Well, I'm now a bit stuck on my colour-space Kmers/Reads modifications,
sorry. I don't think I can progress further on this until I understand
more about the run sequence so that I can work out where it's going
wrong. I'm currently just trying to get the program to assemble / output
in base-space (although the hash ID is calculated from the colour-space
sequence), but it's not working for that.
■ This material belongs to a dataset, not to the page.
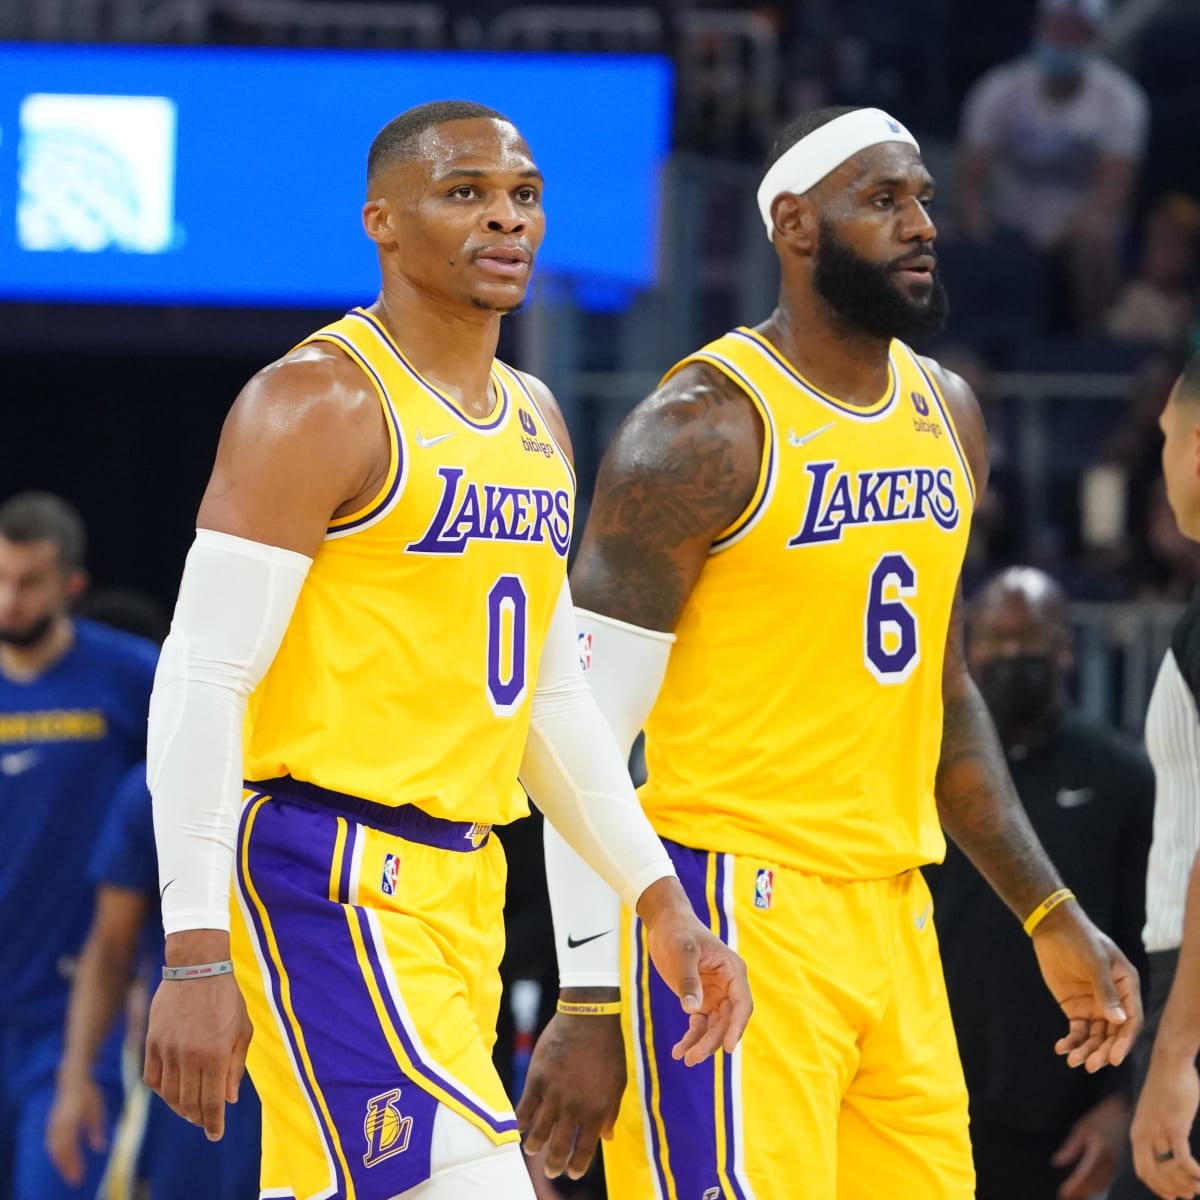 When it comes to reeling Lakers, it's wise to take big-picture approach

Here's what I think are the important bits of the Ray output:
$ ../code/Ray --debug-seeds -s phix_1.fasta | grep -e complete -e workers
Rank 0 has 1000 sequence reads (completed)
Rank 0 is counting k-mers in sequence reads [1000/1000] (completed)
Rank 0 has 10434 k-mers (completed)
Rank 0 is computing vertices & edges [1000/1000] (completed)
Rank 0 has 10200 vertices (completed)
Rank 0 is purging edges [10200/10200] (completed)
Rank 0: peak number of workers: 500, maximum: 30000
Rank 0 is selecting optimal read markers [1000/1000] (completed)
Rank 0: peak number of workers: 500, maximum: 30000
Rank 0 is creating seeds [10200/10200] (completed)
Rank 0: peak number of workers: 500, maximum: 30000
Rank 0 is calculating library lengths [0/0] (completed)
Rank 0: peak number of workers: 0, maximum: 30000
Rank 0 is extending seeds [0/0] (completed)
Rank 0 is computing fusions [0/0] (completed)
Rank 0 is distributing fusions [0/0] (completed)
Rank 0 is finishing fusions [0/0] (completed)
Rank 0 is distributing fusions [0/0] (completed)
Rank 0 is computing fusions [0/0] (completed)
Rank 0 is distributing fusions [0/0] (completed)
Rank 0 is finishing fusions [0/0] (completed)
Rank 0 is distributing fusions [0/0] (completed)
Output file list:
0 Jul 12 16:40 RayOutput.ContigLengths.txt
0 Jul 12 16:40 RayOutput.Contigs.fasta
305 Jul 12 16:40 RayOutput.CoverageDistributionAnalysis.txt
100 Jul 12 16:40 RayOutput.CoverageDistribution.txt
578 Jul 12 16:40 RayOutput.degreeDistribution.txt
88 Jul 12 16:40 RayOutput.LibraryStatistics.txt
5.5K Jul 12 16:40 RayOutput.MessagePassingInterface.txt
177 Jul 12 16:40 RayOutput.NetworkTest.txt
237 Jul 12 16:40 RayOutput.OutputNumbers.txt
67 Jul 12 16:40 RayOutput.RayCommand.txt
25 Jul 12 16:40 RayOutput.RayVersion.txt
0 Jul 12 16:40 RayOutput.ScaffoldComponents.txt
0 Jul 12 16:40 RayOutput.ScaffoldLengths.txt
0 Jul 12 16:40 RayOutput.ScaffoldLinks.txt
0 Jul 12 16:40 RayOutput.Scaffolds.fasta
0 Jul 12 16:40 RayOutput.SeedLengthDistribution.txt
It's produced reasonable looking numbers in the Coverage distribution
file (and coverage analysis file) after I changed the smoothing function
to be a bit more like a smoothing function
(https://github.com/gringer/ray/commit/f048203e571d4c7a267dace27fec063cfe2059dd,
ignore the 'push_back(0)' bits).
However, the code I have doesn't seem to have any success in finding seeds.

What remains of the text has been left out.